Since we can't leave our houses, I thought I'd make a short thread on some of the houses Hannah Arendt lived in.

Hannah Arendt was born in Linden, Hannover Germany on October 14, 1906. This was her first home, Lindener Marktplatz 2.
At the age of 3, Hannah Arendt's family moved to Königsberg so her father’s syphilis could be treated, and they could be near family. She spent most of her youth here, at Tiergartenstrasse 6.
After finishing her schooling in Berlin, Hannah Arendt moved to Marburg to study philosophy with Martin Heidegger. She lived in an attic apartment at Lutherstrasse 4, with her pet mouse.
After a semester with Edmond Husserl at the University of Leipzig, Hannah Arendt moved to Heidelberg to write her dissertation on Love and Saint Augustine with Karl Jaspers. She lived beneath the castle at Schlossberg 16.
Before Hannah Arendt was captured by the Gestapo in 1933 & forced to flee, she lived at Opitzstraße 6, Berlin-Steglitz with her 1st husband Günther Stern. This is where she wrote most of Rahel Varnhagen. The apartment was destroyed & this Gedenktafel marks an approximate location
After escaping the Gestapo in 1933, Hannah Arendt fled to Paris via Prague & Geneva. Since she was sans-papiers she could not rent an apartment or legally work, and was forced to move from hotel to hotel. This was one of them: 26 rue Servandoni. L’hôtel des Principautés Unies.
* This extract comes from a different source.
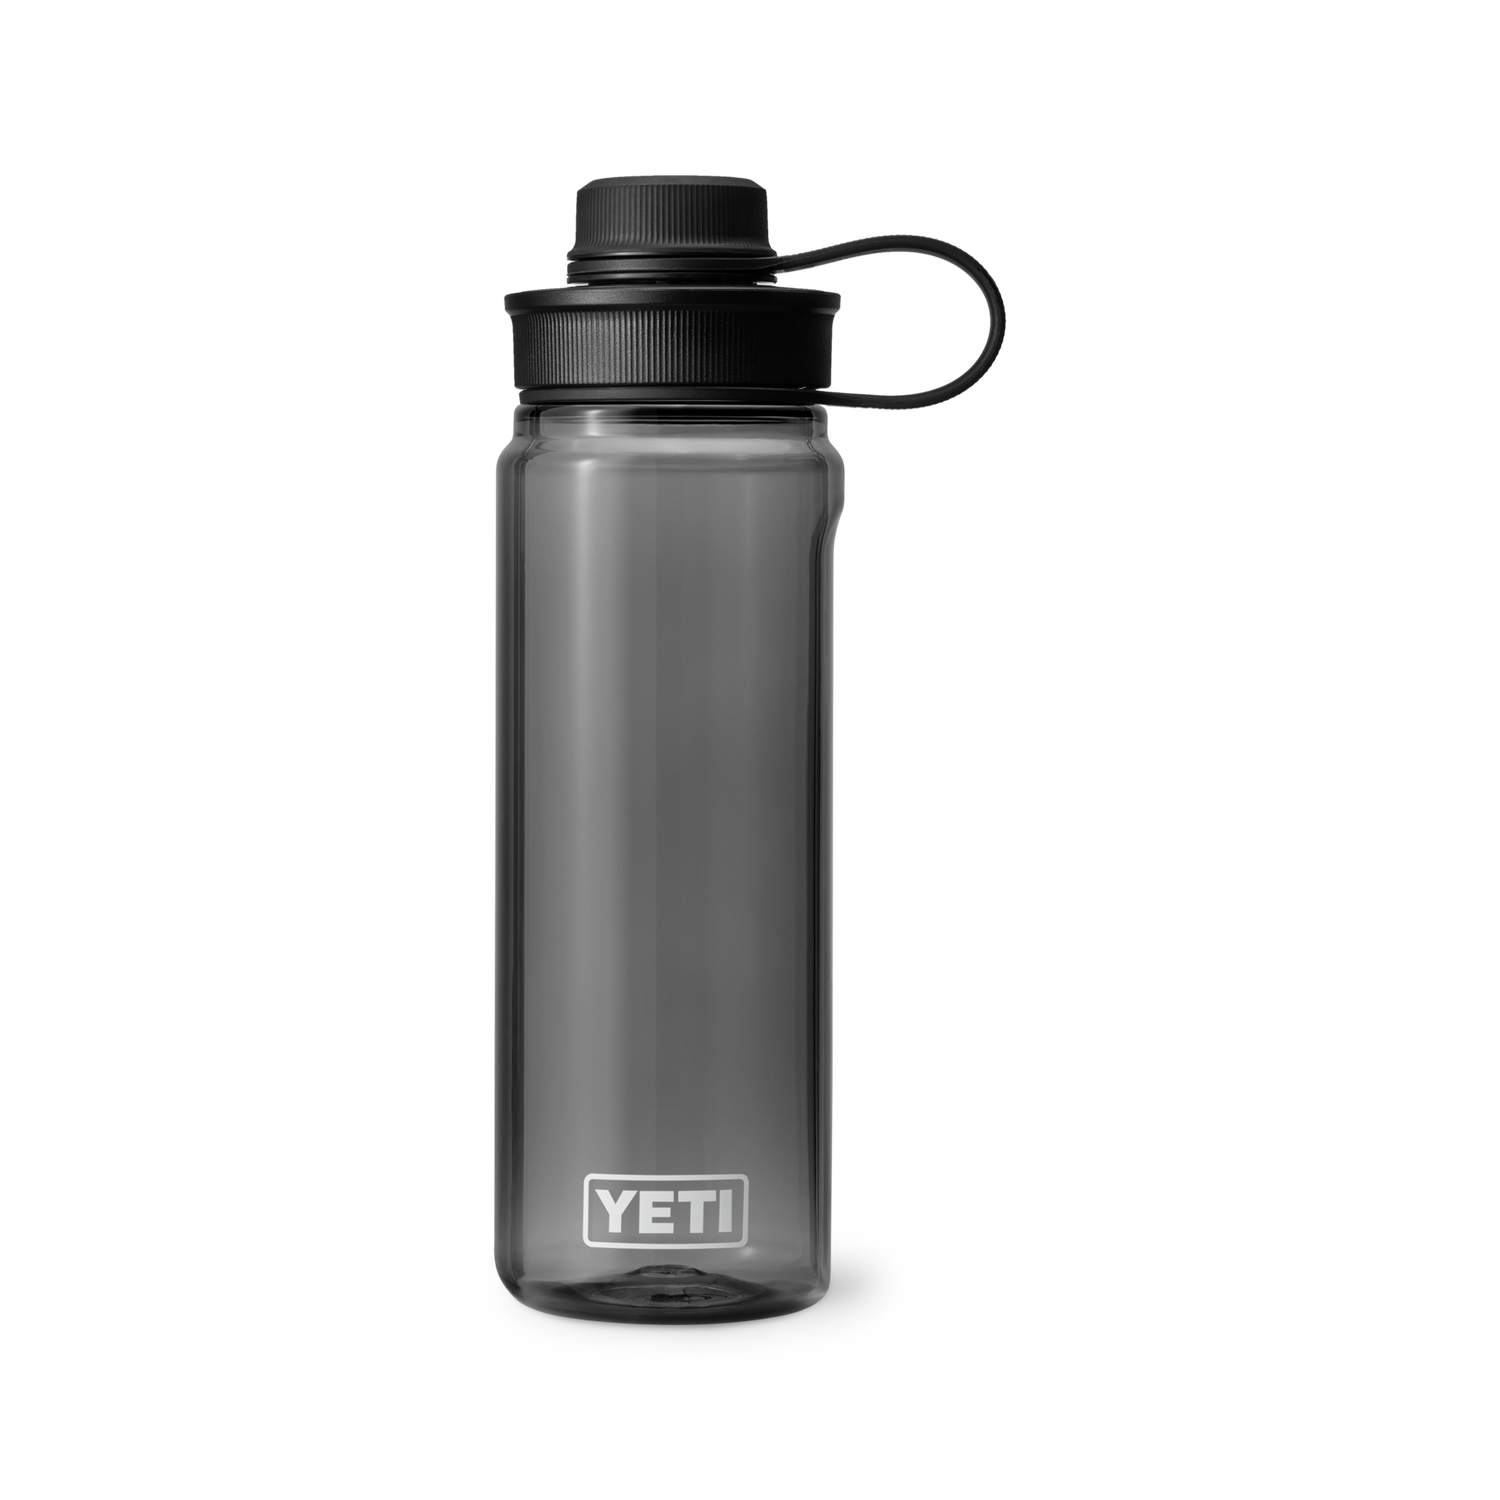 YETI 25oz Mug with Handle & Straw Lid; LE Colors: New, Pick your

From January to May 1941, Hannah Arendt and her second husband Heinrich Blücher lived in Lisbon at Rua Sociedade Farmacêutica #6, while waiting to go to New York.
In 1955, Hannah Arendt and Heinrich Blücher moved to 130 Morningside Drive, and a few years later to 370 Riverside Drive, where they would remain until their deaths.
And finally, in the summers, Hannah Arendt and Heinrich Blücher liked to stay at The Chestnut Lawn House in Palenville, New York.
I'll add a few more!

Summer after Blücher died in 1970, Hannah Arendt stayed with Mary McCarthy at her summer home in Castine, Maine. McCarthy supplied Arendt’s room with her favorite breakfast foods: eggs, ham, cold cuts, bread, anchovy paste, coffee, grapefruit, orange juice.
In 1973 and 1975 Hannah Arendt rented a room at Casa Barbatè in Tegna, Switzerland. She wrote parts of her final work, The Life of the Mind in solitude, occasionally receiving friends.